Research Materials Engineer
One Gifford Pinchot Drive
United States

Phone: 608-231-9308
Contact Joseph Jakes

Curriculum vitae (265 KB PDF)

Current Research

Dr. Jakes leads a multidisciplinary team with the mission to rigorously employ materials science principles in the study of wood cell walls with an emphasis on mechanical behavior, moisture sorption, and diffusion. Materials science encompasses the study of structure-property-processing-performance relationships. Current wood utilization efforts are hindered by the incomplete identification and understandings of these relationships. Tools to study structure and properties at these small length scales are lacking. 

This research has required the development of advanced material characterization techniques to probe structures and properties at micrometer length scales and below in wood and forest products.

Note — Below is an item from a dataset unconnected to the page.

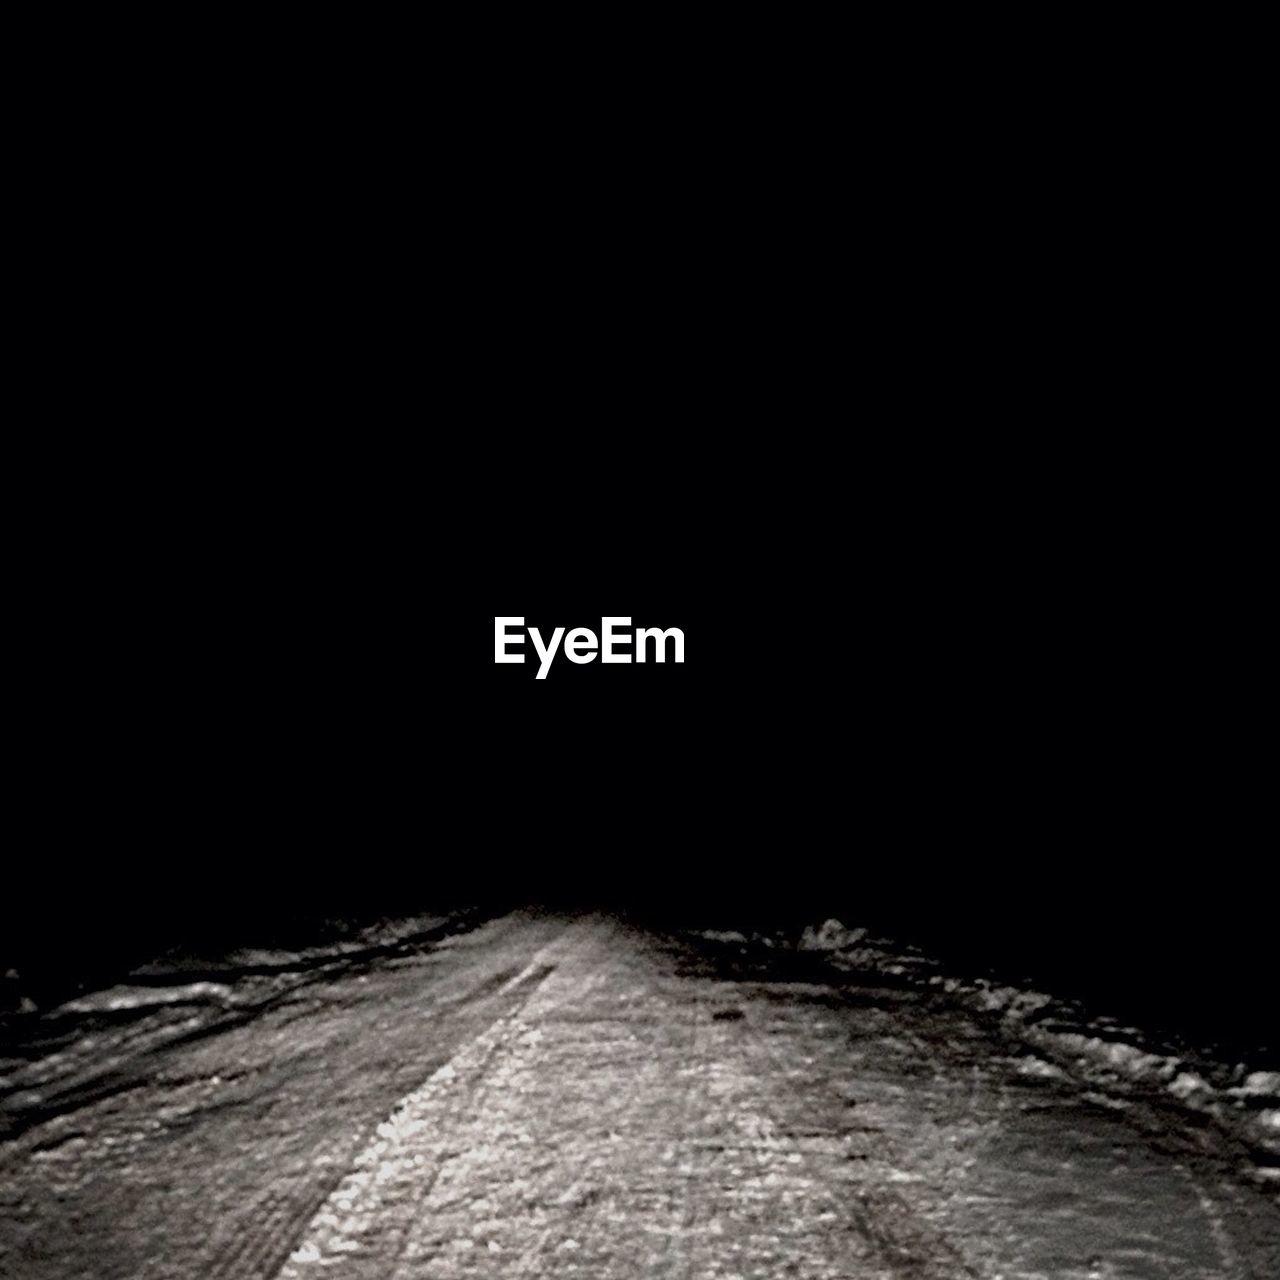 night, dark, road, black background, no people, outdoors

Dr. Jakes leads the FPL Nanoindentation Lab to accurately measure physically meaningful mechanical properties of materials at the micron-scale with an emphasis on wood cell walls. Advanced synchrotron X-ray and neutron techniques have also been identified and adapted to study the structure and properties of forest products at length-scales at and below the cellular level. The combination of these advanced materials characterization techniques have led to multiple new discoveries, including elucidating the roles of lignin and hemicelluloses in wood cell wall micromechanics, identifying nanoscale mechanisms responsible for moisture durability in wood-adhesive bondlines, and identifying diffusion mechanisms through wood cell walls.

Research Interests

  • Wood cell wall structure-property relationships with emphasis on mechanical behavior, moisture sorption, and diffusion
  • Advanced nanoindentation techniques to assess mechanical behavior at micrometer length scales and below
  • X-ray and neutron characterization techniques for chemical and structural characterization at small length scales
  • Discovery and study of new wood-inspired material phenomena

Why This Research is Important

Wood is not only the sustainable raw material of choice for our future materials, chemicals, and fuels needs, but increasing wood value and utilization is also critical to maintaining healthy forests and offsetting costly forest restoration efforts. However, advanced materials research is needed for wood to reach its full potential.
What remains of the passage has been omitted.